Exercise goal. Word for word, copy the data that follows and skip its pictures.

Information shown.
┏━━
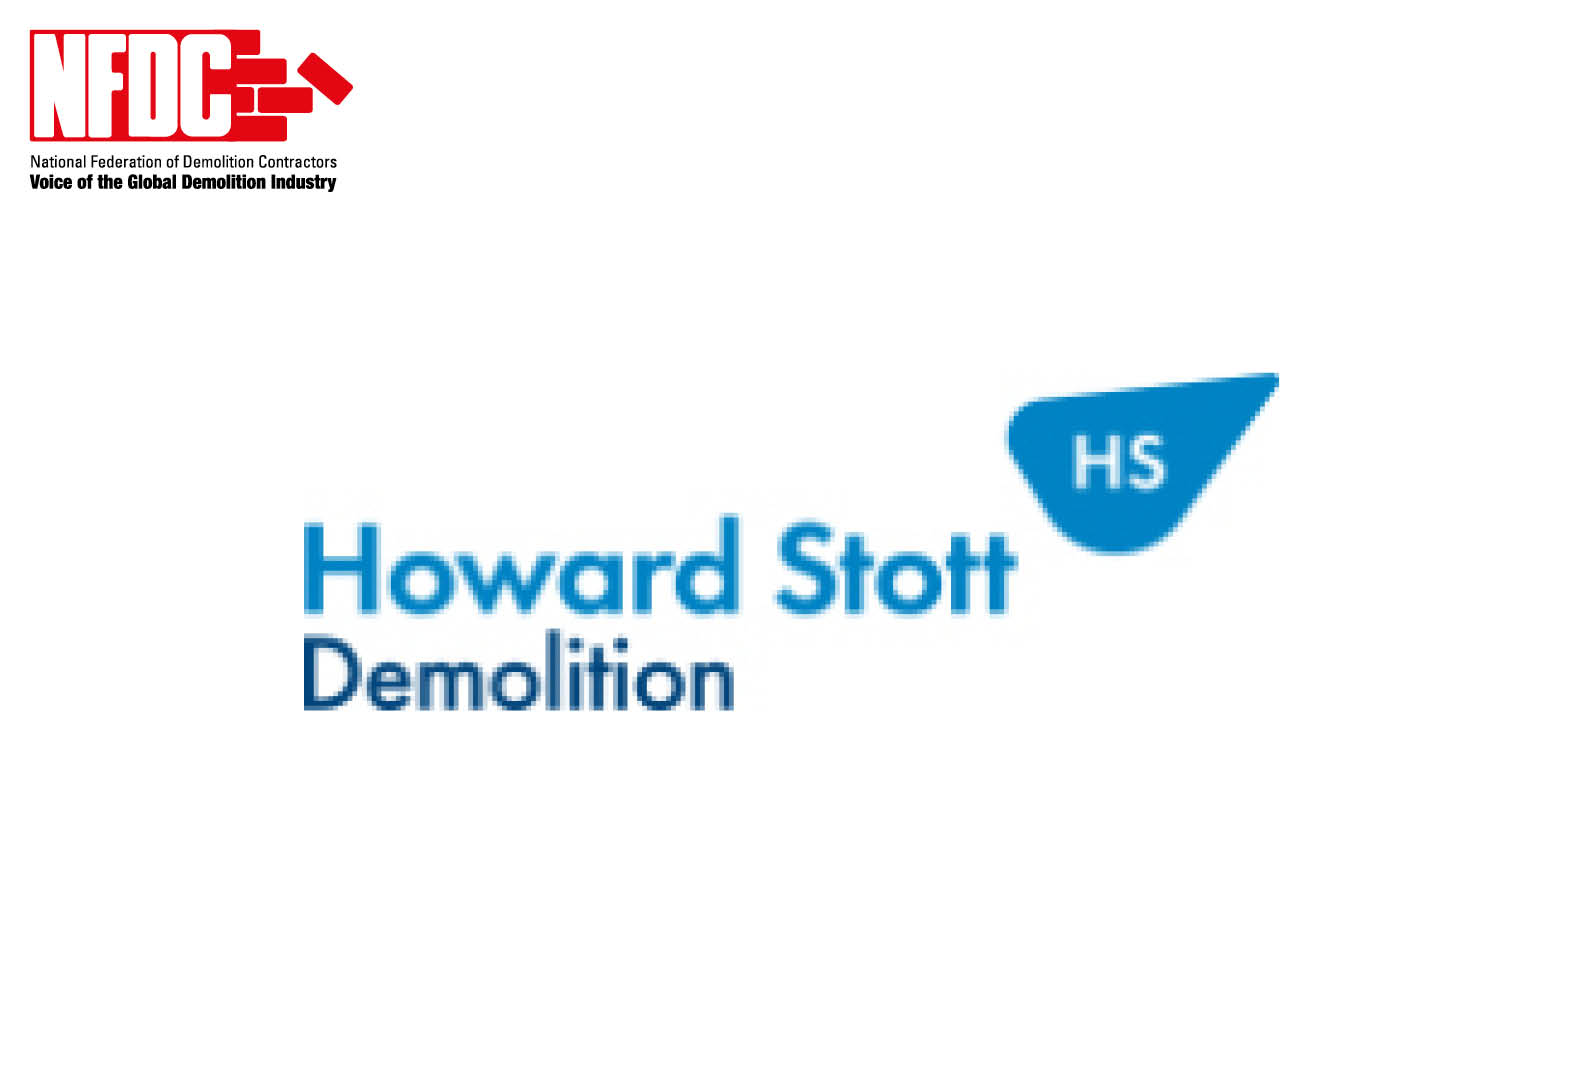 Howard Stott Demolition Ltd
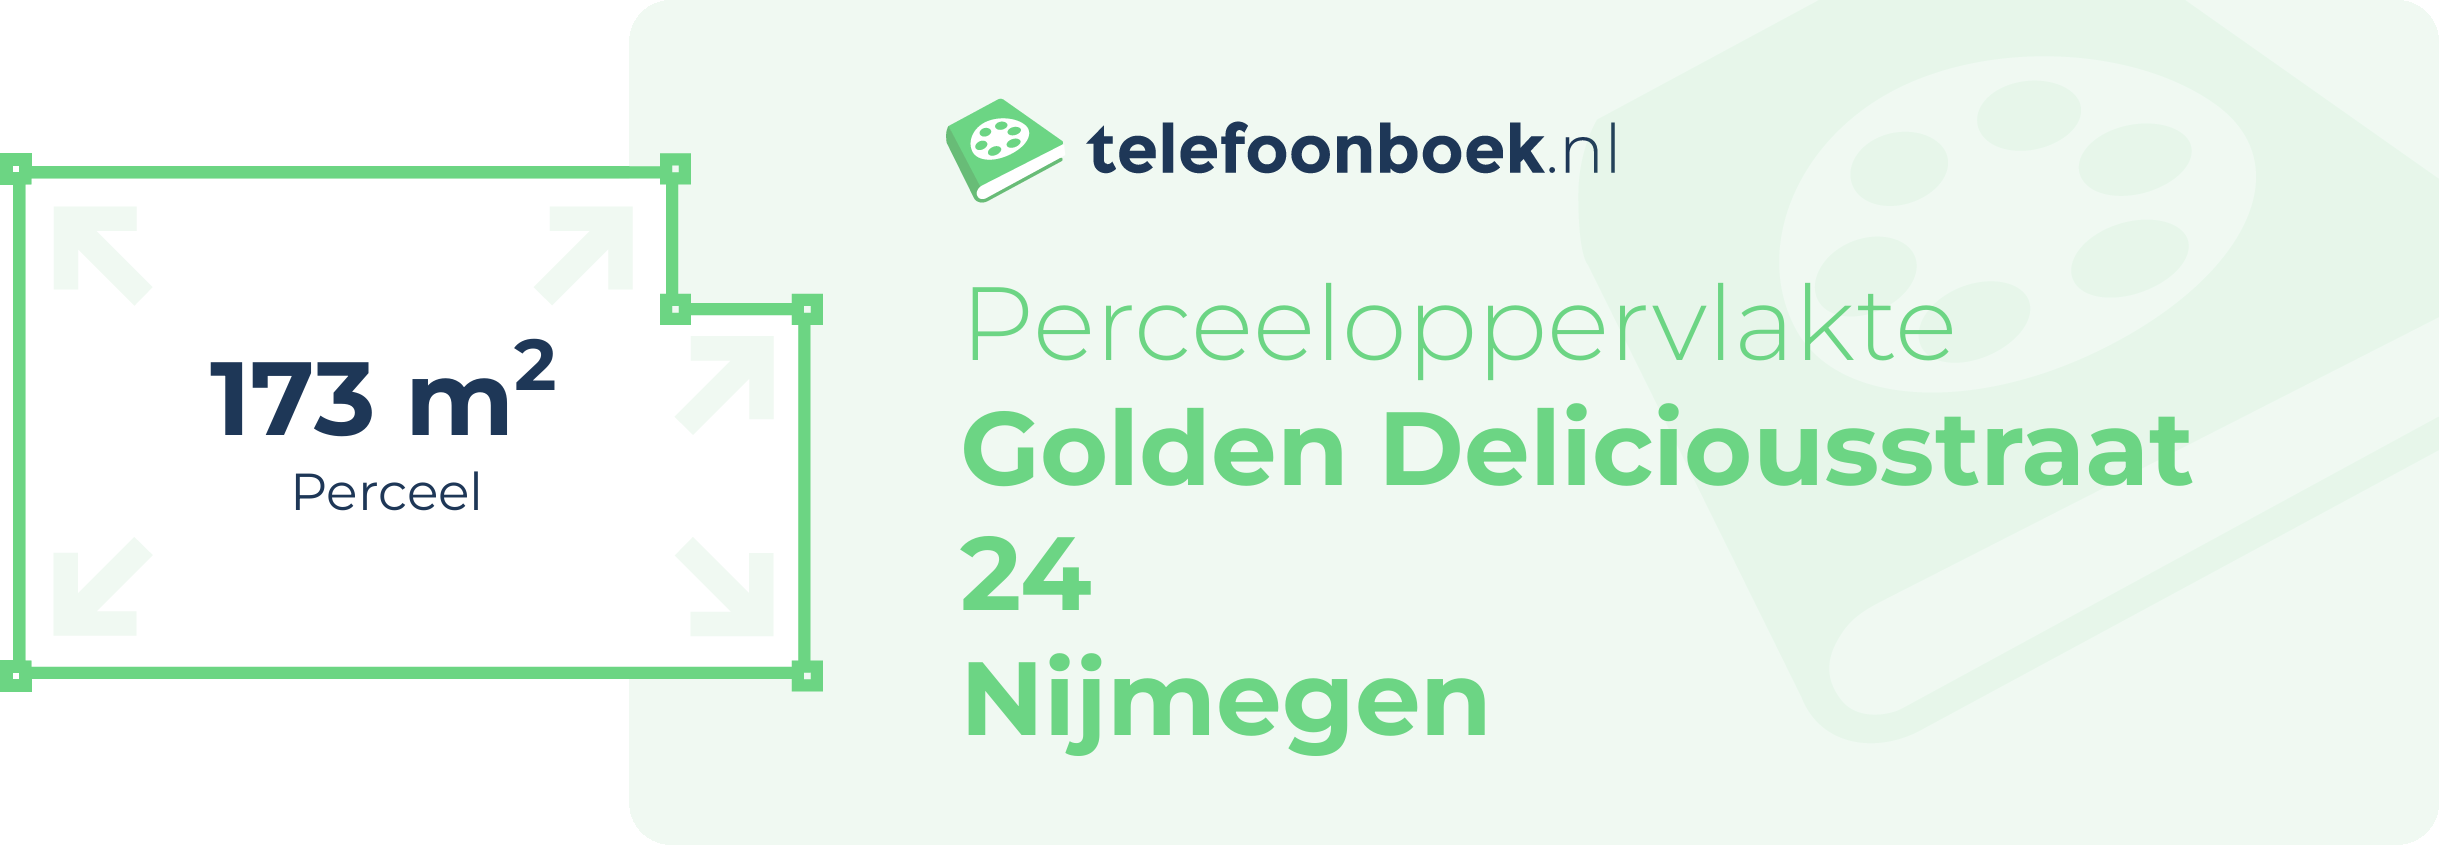 Perceeloppervlakte Golden Deliciousstraat 24 Nijmegen
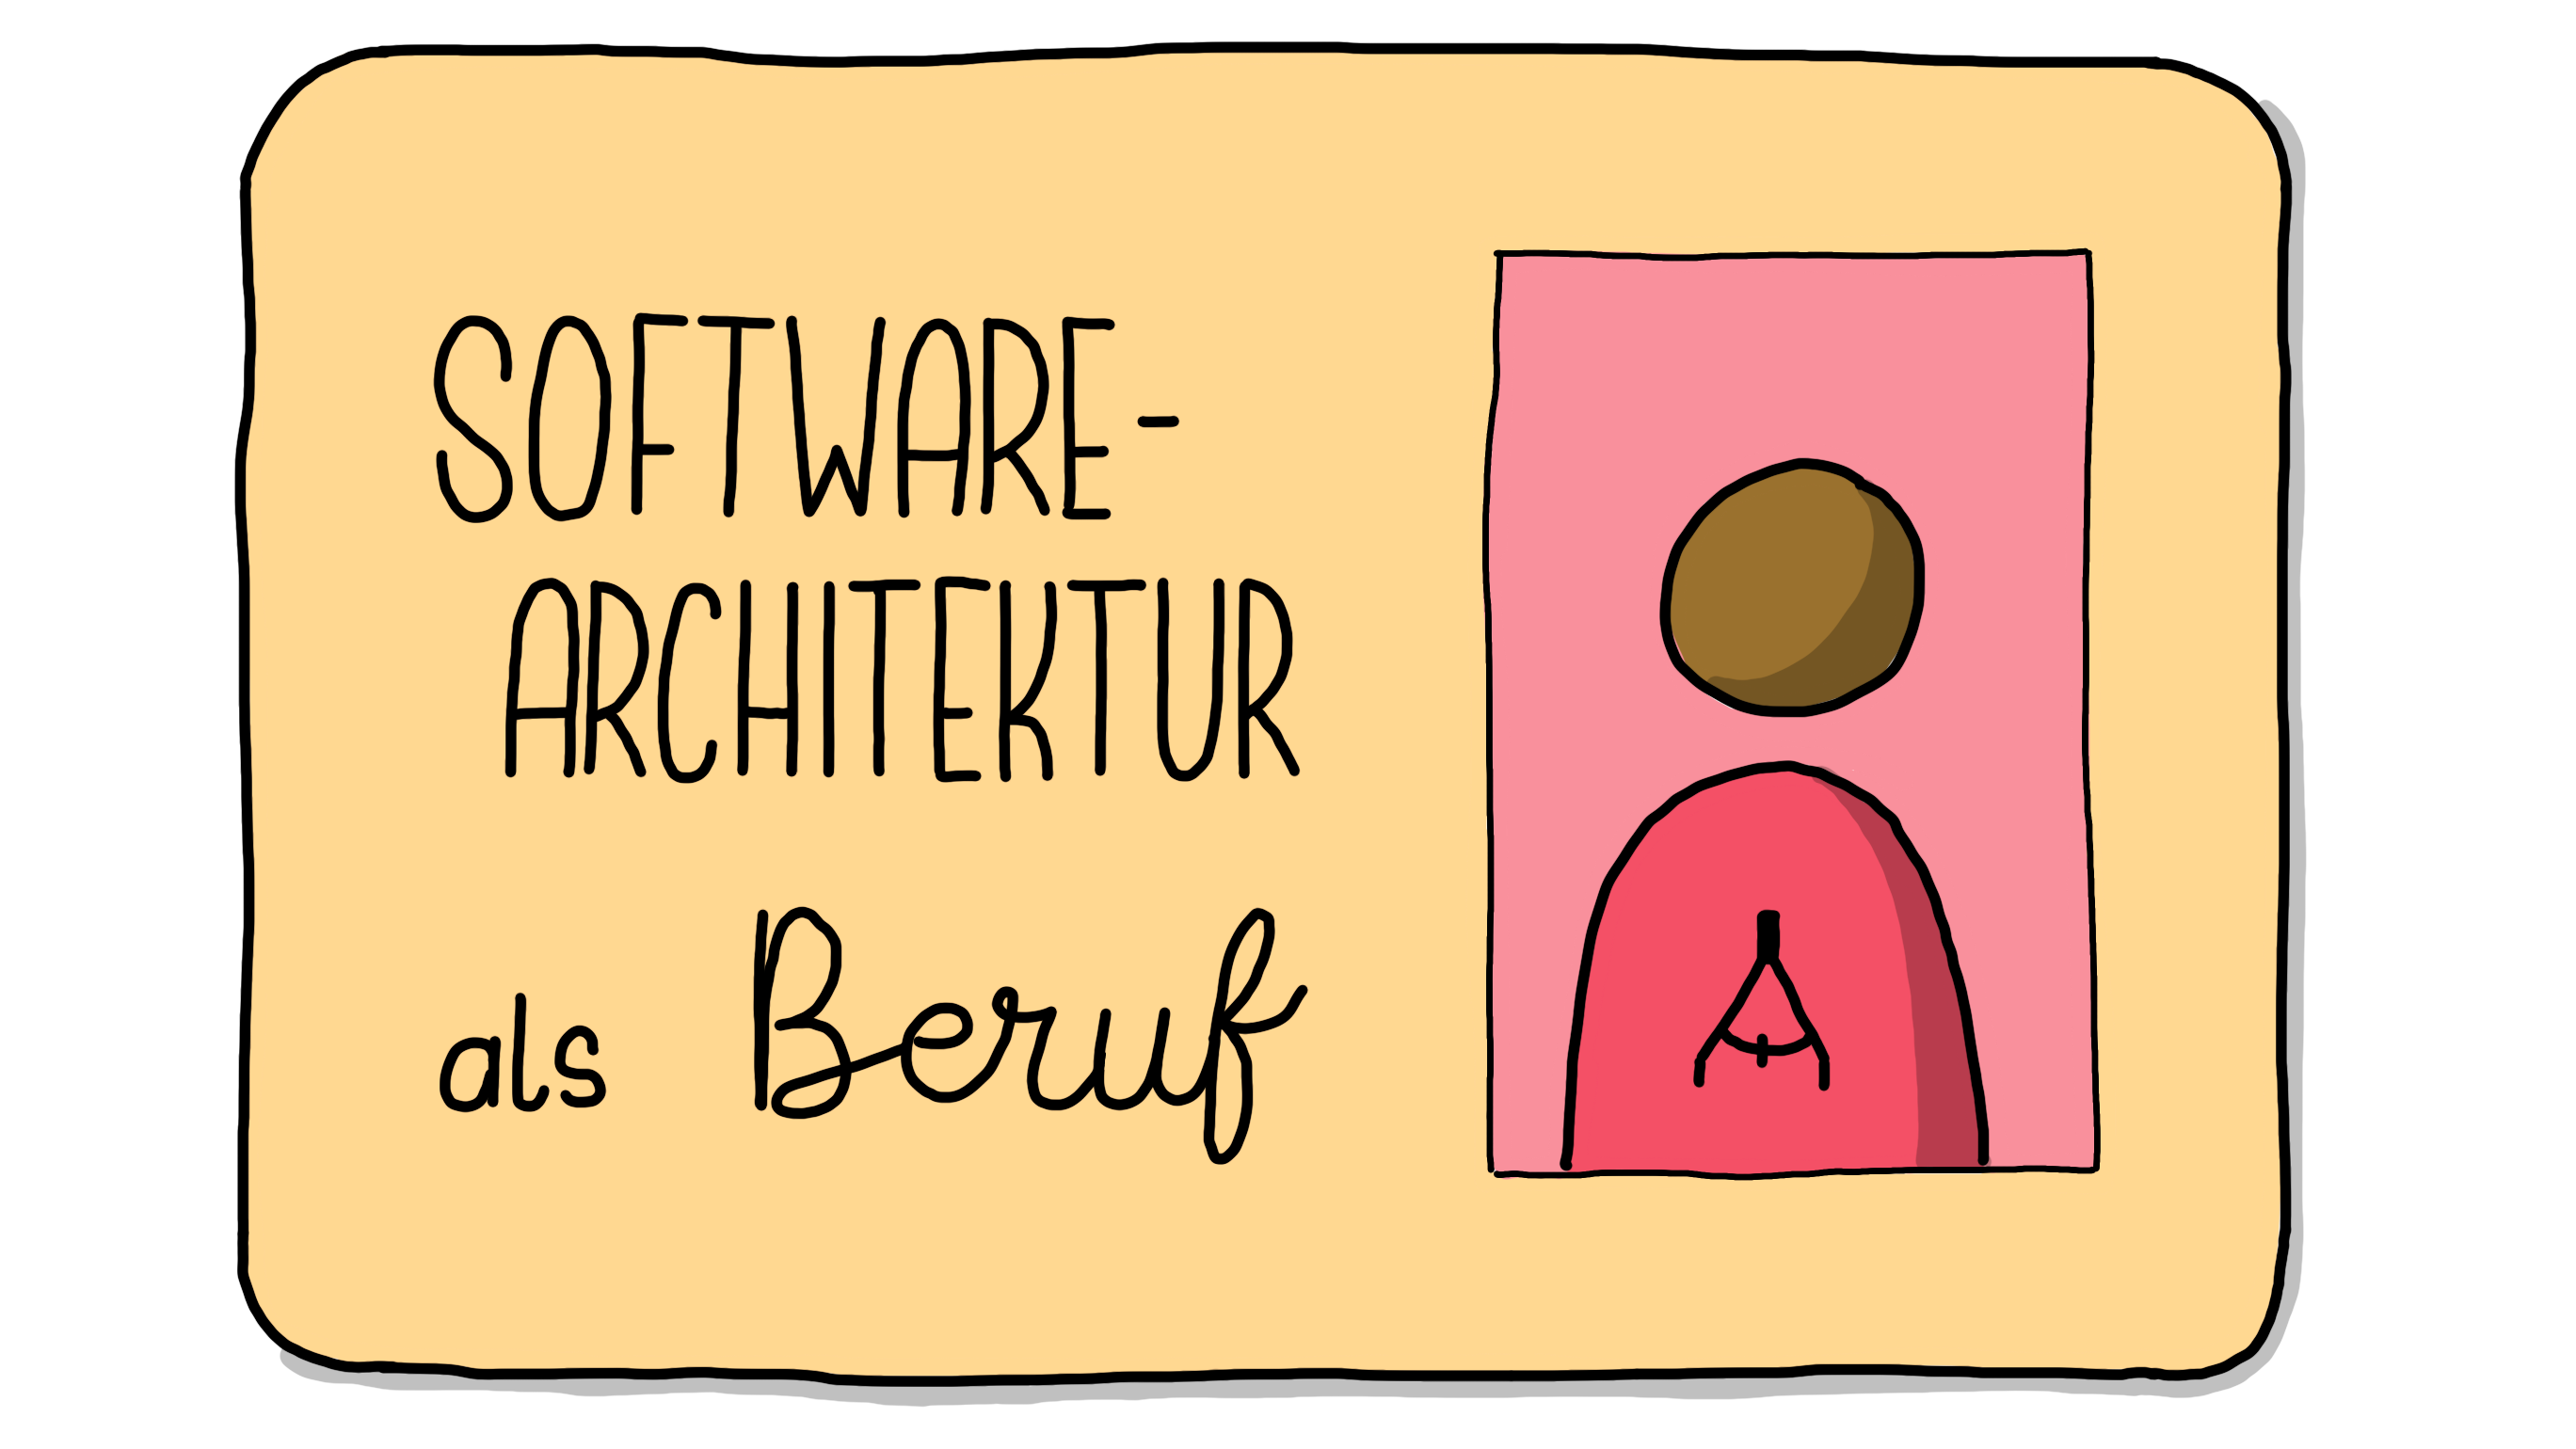 Software-Architektur als Beruf Logo
┗━━
Response.
 Howard Stott Demolition Ltd
 Perceeloppervlakte Golden Deliciousstraat 24 Nijmegen
 Software-Architektur als Beruf Logo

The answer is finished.